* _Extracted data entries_
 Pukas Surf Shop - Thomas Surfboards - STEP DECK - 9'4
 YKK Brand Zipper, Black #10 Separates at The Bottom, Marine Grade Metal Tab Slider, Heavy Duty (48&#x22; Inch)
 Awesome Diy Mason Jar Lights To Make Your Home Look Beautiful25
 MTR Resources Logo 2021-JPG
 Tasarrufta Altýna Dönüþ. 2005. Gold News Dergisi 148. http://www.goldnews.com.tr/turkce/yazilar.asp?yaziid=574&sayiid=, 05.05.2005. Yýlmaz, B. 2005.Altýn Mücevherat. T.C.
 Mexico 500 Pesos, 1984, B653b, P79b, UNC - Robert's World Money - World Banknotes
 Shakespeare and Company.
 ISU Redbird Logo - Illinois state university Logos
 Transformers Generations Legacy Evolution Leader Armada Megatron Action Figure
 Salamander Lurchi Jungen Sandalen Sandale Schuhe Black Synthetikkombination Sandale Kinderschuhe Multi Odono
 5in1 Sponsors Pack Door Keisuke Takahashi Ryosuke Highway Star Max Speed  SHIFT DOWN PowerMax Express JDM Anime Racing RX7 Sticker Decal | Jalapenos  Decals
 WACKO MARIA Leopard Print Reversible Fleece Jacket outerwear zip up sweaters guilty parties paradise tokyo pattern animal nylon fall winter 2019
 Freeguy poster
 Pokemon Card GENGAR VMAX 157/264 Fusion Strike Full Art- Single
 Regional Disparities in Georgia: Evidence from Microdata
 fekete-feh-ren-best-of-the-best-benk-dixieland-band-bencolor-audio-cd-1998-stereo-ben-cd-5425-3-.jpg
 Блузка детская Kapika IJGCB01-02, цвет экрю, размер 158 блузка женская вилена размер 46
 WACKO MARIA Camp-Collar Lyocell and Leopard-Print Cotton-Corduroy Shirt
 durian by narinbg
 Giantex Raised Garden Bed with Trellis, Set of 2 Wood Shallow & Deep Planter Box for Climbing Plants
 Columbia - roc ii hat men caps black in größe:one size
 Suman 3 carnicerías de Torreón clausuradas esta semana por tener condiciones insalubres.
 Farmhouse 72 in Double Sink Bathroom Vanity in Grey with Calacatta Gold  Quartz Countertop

* _INSTRUCTIONS TO FOLLOW_
The response must hold only the lines above from the line with "Mexico 500 Pesos, 1984, B653b, P79b, UNC" through the line with "Salamander Lurchi Jungen", each copied exactly, both ends kept.

* _WRITTEN RESPONSE_
 Mexico 500 Pesos, 1984, B653b, P79b, UNC - Robert's World Money - World Banknotes
 Shakespeare and Company.
 ISU Redbird Logo - Illinois state university Logos
 Transformers Generations Legacy Evolution Leader Armada Megatron Action Figure
 Salamander Lurchi Jungen Sandalen Sandale Schuhe Black Synthetikkombination Sandale Kinderschuhe Multi Odono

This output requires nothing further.